6. Menghindari ikan hasil tangkapan terpapar sinar matahari langsung
Sengatan sinar matahari dengan cepat menjadikan ikan terlalu panas dan mempercepat
perubahan pasca kematian. Baik pada saat penanganan, penyimpanan maupun pengangkutan,
ikan sebaiknya tidak terpapar sinar matahari secara langsung. Hal tersebut akan meningkatkan
suhu tubuh ikan, menimbulkan warna pelangi pada ikan dan menyebabkan proses oksidasi,
sehingga akhirnya ikan menjadi “matang”.
Penanganan ikan hasil tangkapan merupakan salah satu bagian penting dari mata rantai
industri perikanan karena dapat mempengaruhi mutu. Kelayakan ikan sebagai sumber makanan
sangat dipengaruhi oleh mutu atau kesegaran ikan. Ikan yang busuk mengandung senyawa yang
sangat berbahaya bagi tubuh manusia dan sebaiknya tidak dimakan, diawetkan, ataupun diolah lebih
lanjut menjadi produk-produk lain. Pengawetan atau pengolahan ikan busuk akan menghasilkan
produk berkualitas rendah, bahkan tidak bermanfaat. Baik buruknya penanganan ikan hasil
tangkapan akan mempengaruhi mutu ikan sebagai bahan makanan atau sebagai bahan mentah
untuk proses pengolahan lebih lanjut.

2
Jawablah pertanyaan di bawah ini dengan singkat dan benar! (setiap soal bernilai 25)
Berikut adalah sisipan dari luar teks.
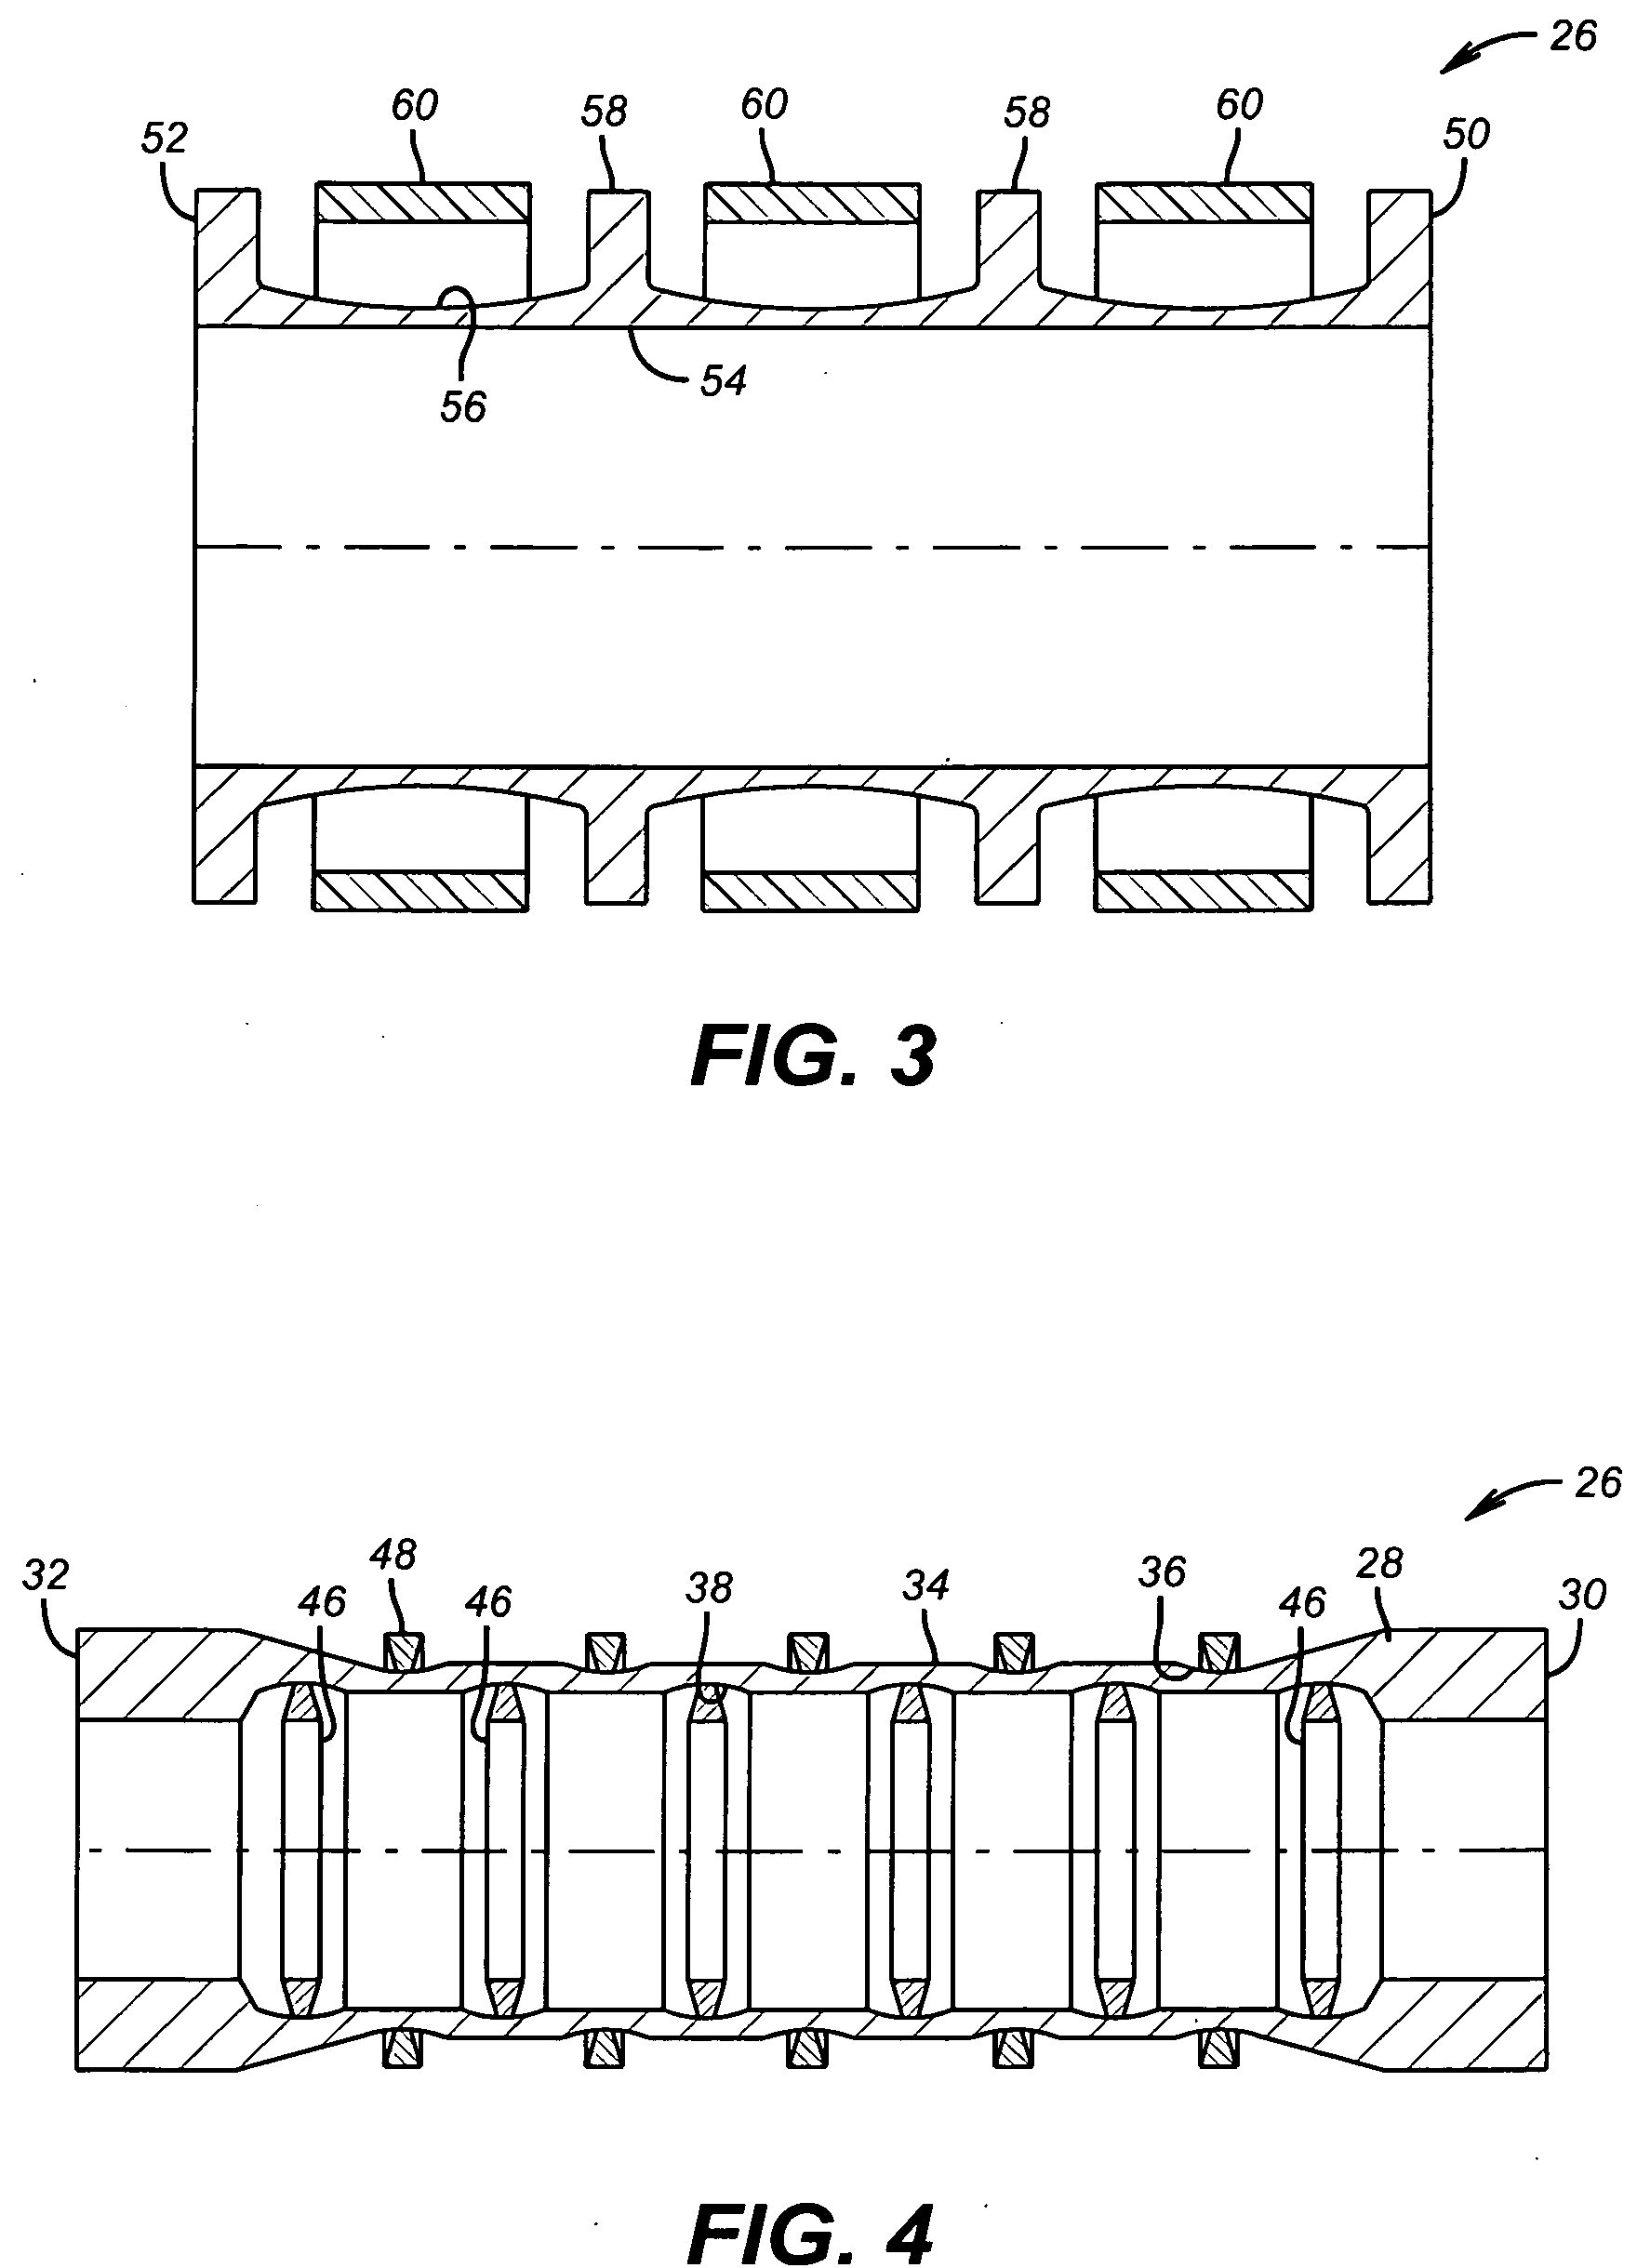 Cylindrical Spring Fabricated by Compressive Force

1. Apa yang dimaksud dengan rantai dingin (cold chain)? Jelaskan!
2. Mengapa penanganan ikan hasil tangkapan harus selalu dalam keadaan rantai dingin? Jelaskan!
3. Mengapa kebersihan peralatan dan dek maupun palkah penting dalam menangani ikan?
Jelaskan!
4. Bagaimana cara melindungi ikan agar tidak terpapar sinar matahari secara langsung pada saat
penanganan, penyimpanan, dan pengangkutan?